How To Download A Large File Quickly

0 views

Skip to first unread message

Laurelino Braendel

unread,

Aug 3, 2024, 5:37:51 PM8/3/24

to diamolusne

dd will do the job, but reading from /dev/zero and writing to the drive can take a long time when you need a file several hundreds of GBs in size for testing... If you need to do that repeatedly, the time really adds up.
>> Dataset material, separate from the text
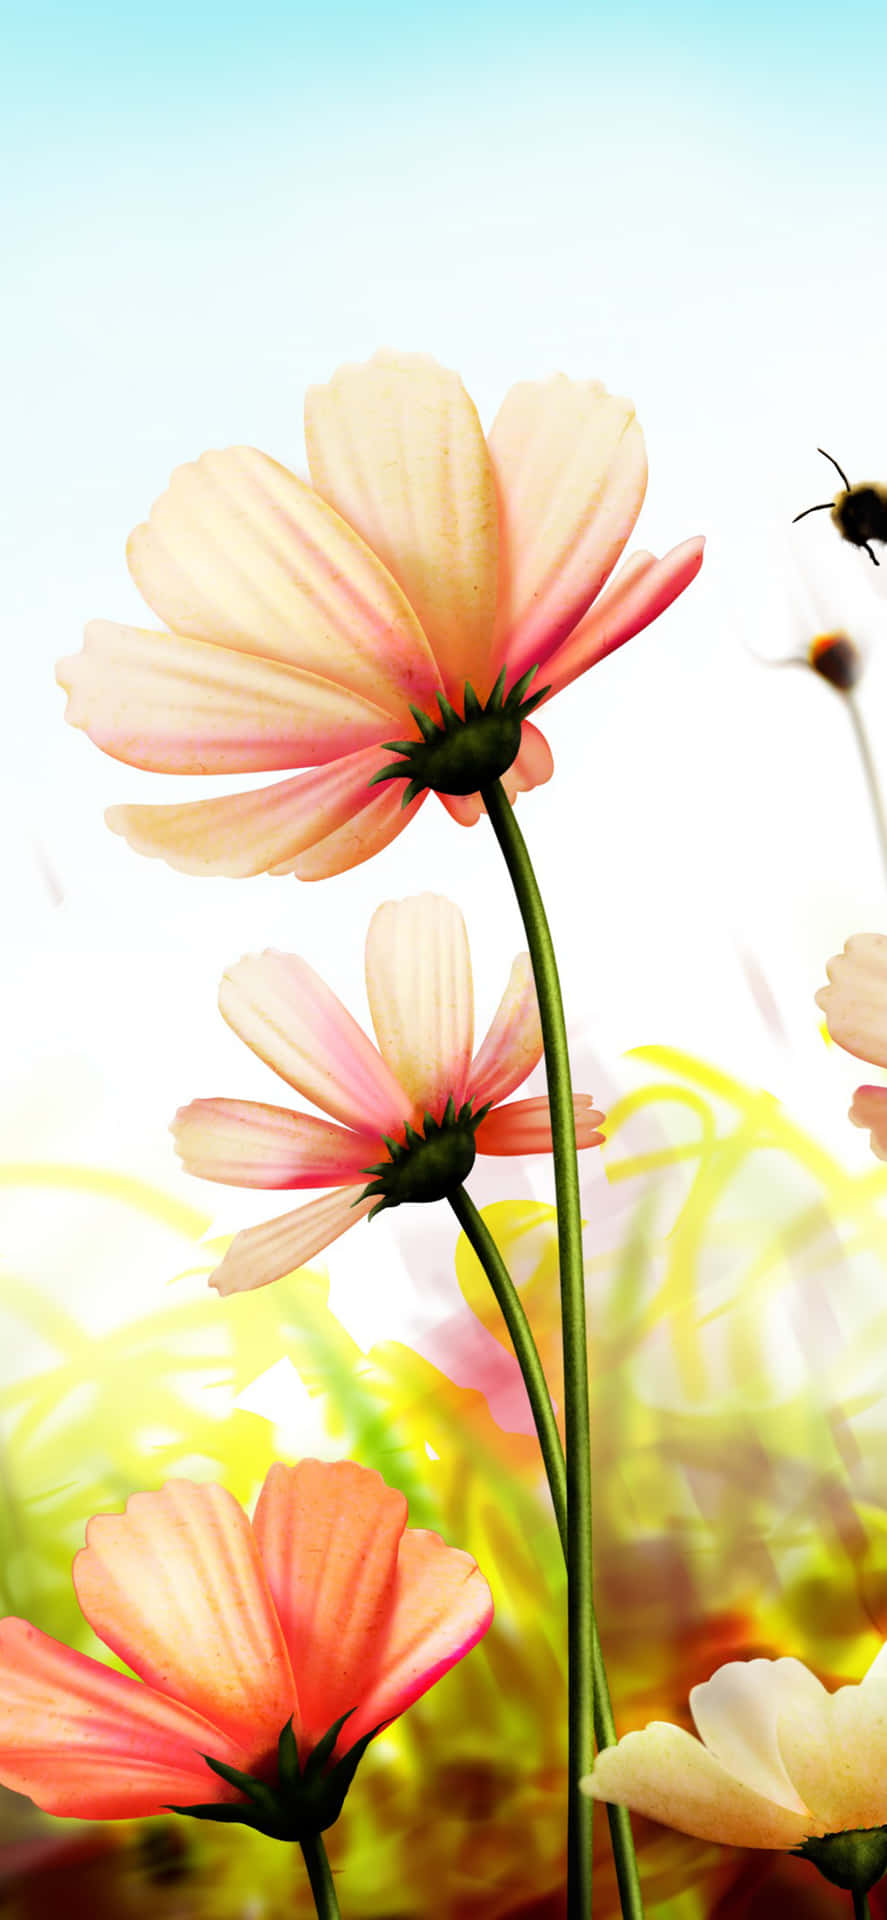 Blooming Pink Spring Daisy iPhone Wallpaper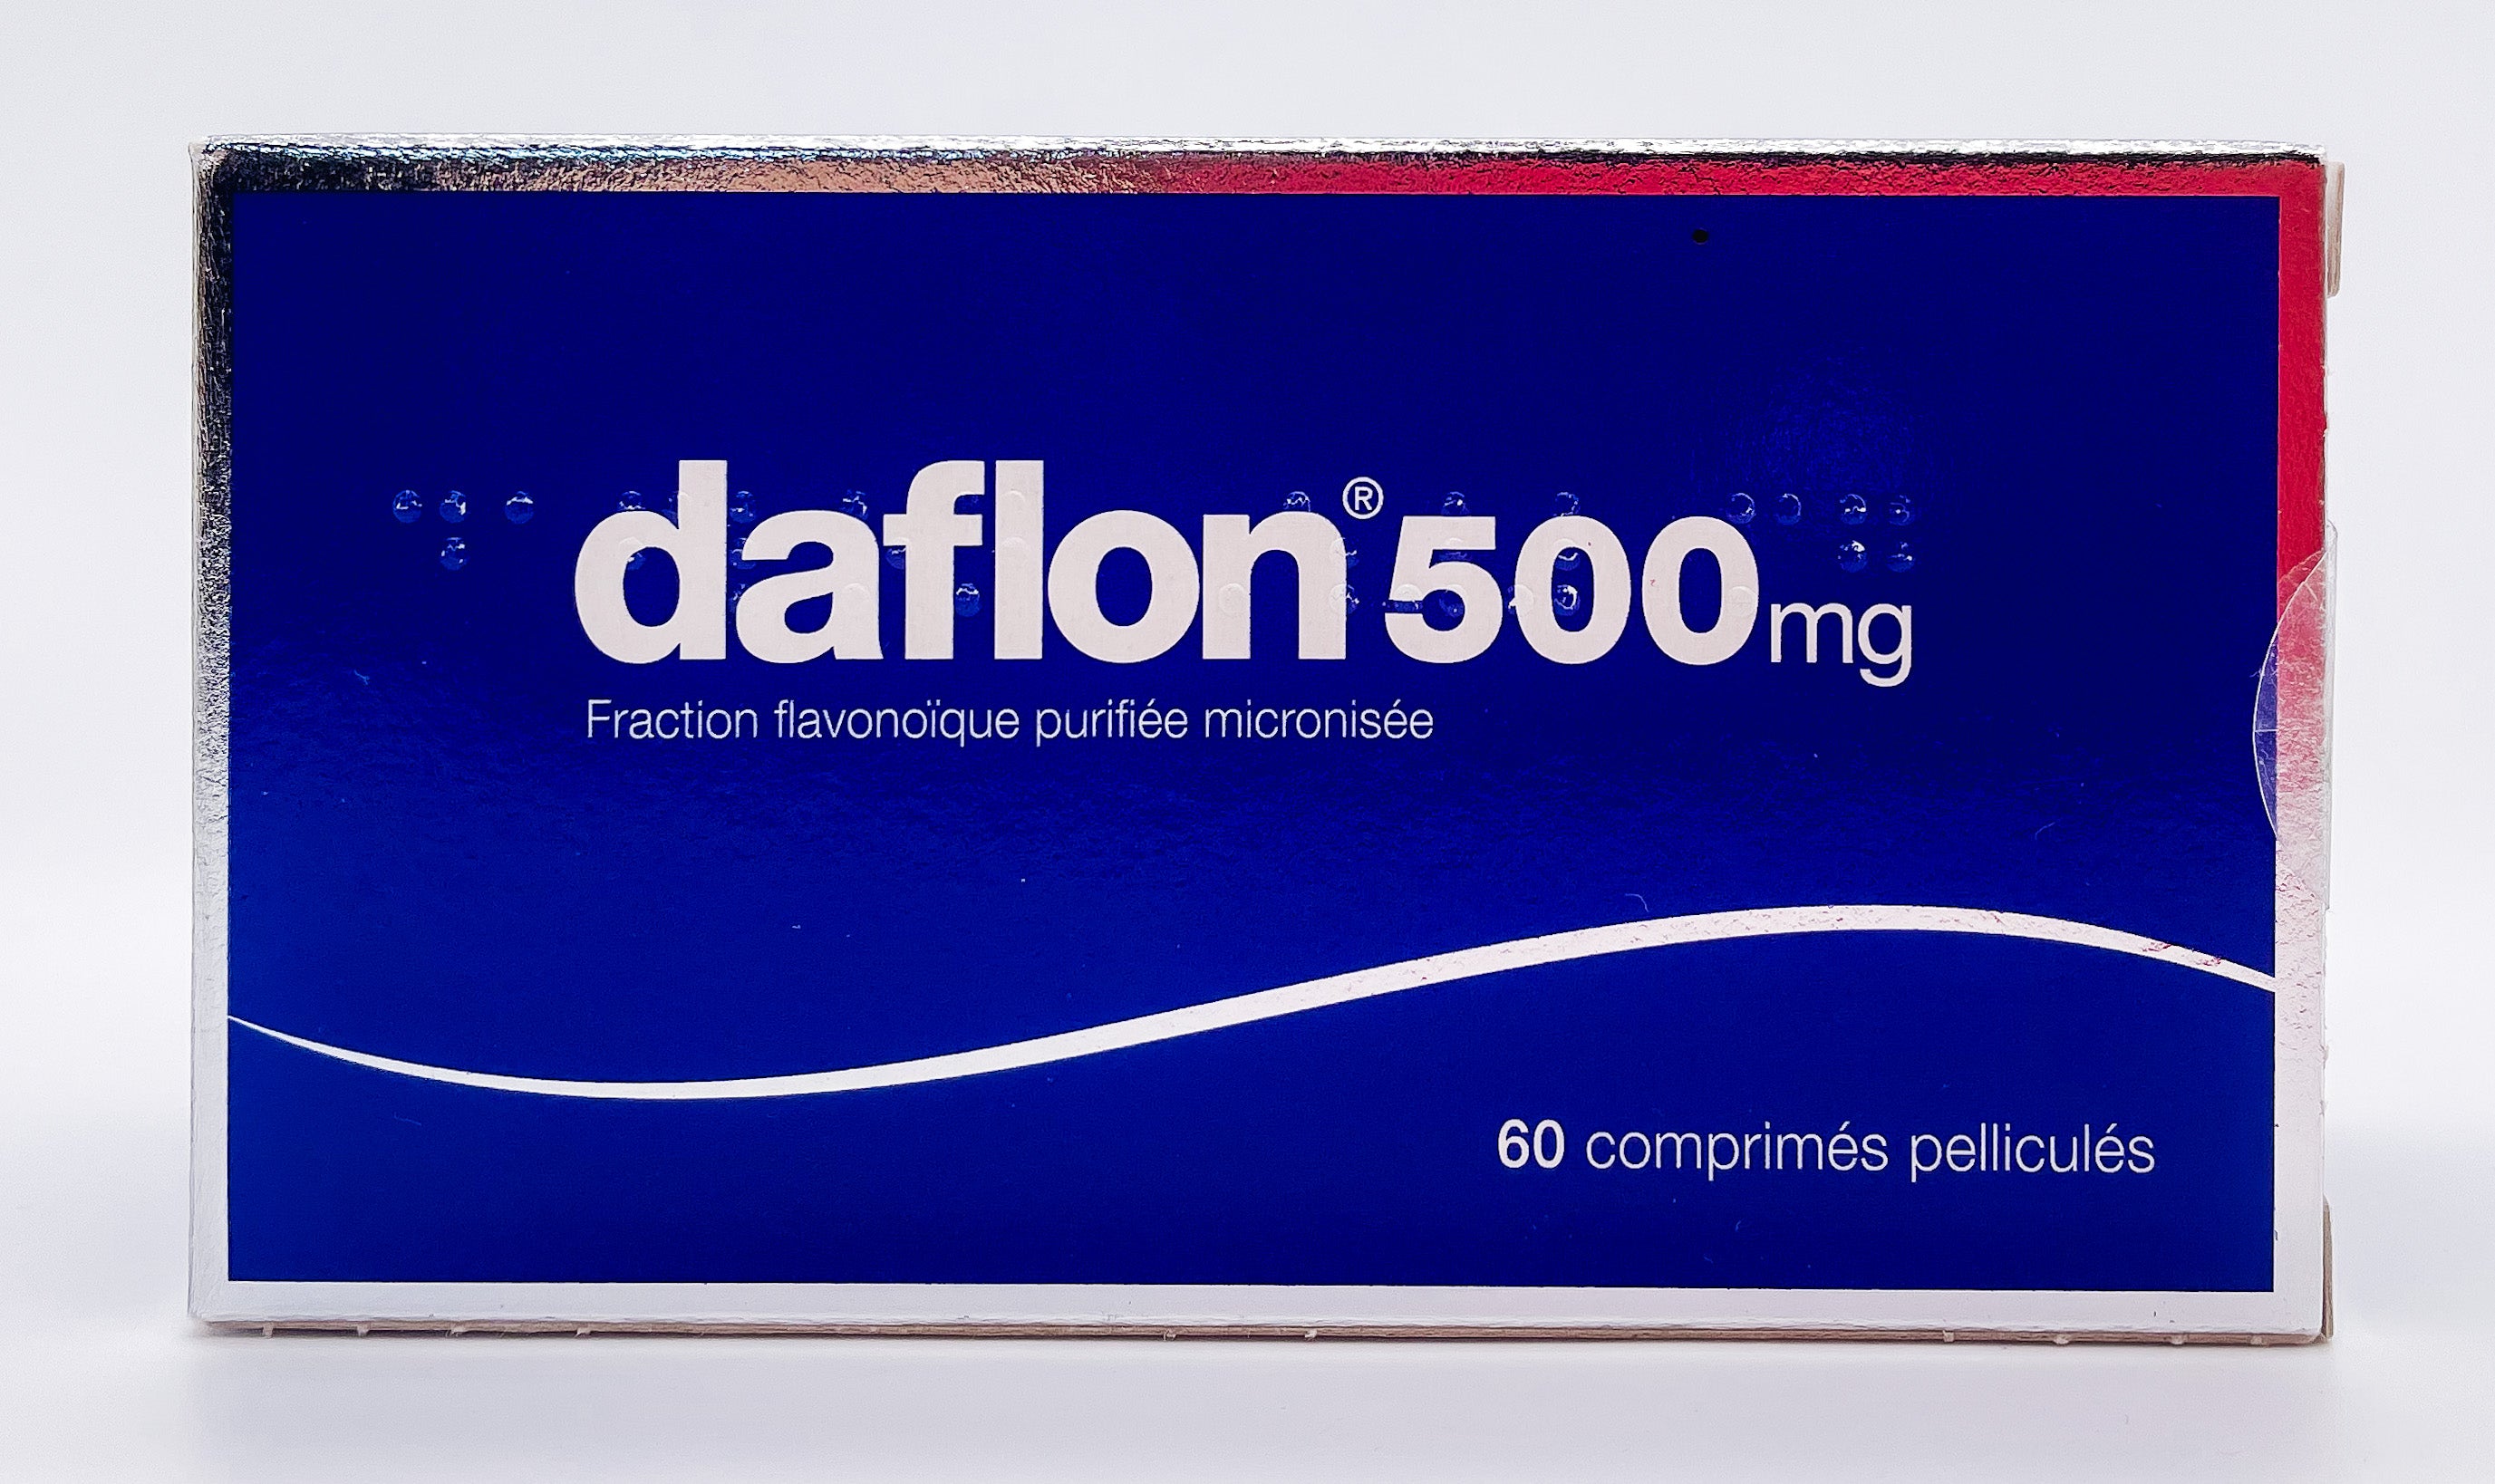 Daflon 1000 MG Tablet (10): Uses, Side Effects, Price & Dosage

dd from the other answers is a good solution, but it is slow for this purpose. In Linux (and other POSIX systems), we have fallocate, which uses the desired space without having to actually write anything to it, works with most modern disk based file systems, very fast:

dd is the obvious first choice, but dd is essentially a copy and that forces you to write every block of data (thus, initializing the file contents)... And that initialization is what takes up so much I/O time. (Want to make it take even longer? Use /dev/random instead of /dev/zero! Then you'll use CPU as well as I/O time!) In the end though, dd is a poor choice (though essentially the default used by the VM "create" GUIs). E.g:

truncate is another choice -- and is likely the fastest... But that is because it creates a "sparse file". Essentially, a sparse file is a section of disk that has a lot of the same data, and the underlying filesystem "cheats" by not really storing all of the data, but just "pretending" that it's all there. Thus, when you use truncate to create a 20 GB drive for your VM, the filesystem doesn't actually allocate 20 GB, but it cheats and says that there are 20 GB of zeros there, even though as little as one track on the disk may actually (really) be in use. E.g.:

fallocate is the final -- and best -- choice for use with VM disk allocation, because it essentially "reserves" (or "allocates" all of the space you're seeking, but it doesn't bother to write anything. So, when you use fallocate to create a 20 GB virtual drive space, you really do get a 20 GB file (not a "sparse file", and you won't have bothered to write anything to it -- which means virtually anything could be in there -- kind of like a brand new disk!) E.g.:

Try mkfile myfile as an alternative of dd. With the -n option the size is noted, but disk blocks aren't allocated until data is written to them. Without the -n option, the space is zero-filled, which means writing to the disk, which means taking time.

mkfile is derived from SunOS and is not available everywhere. Most Linux systems have xfs_mkfile which works exactly the same way, and not just on XFS file systems despite the name. It's included in xfsprogs (for Debian/Ubuntu) or similar named packages.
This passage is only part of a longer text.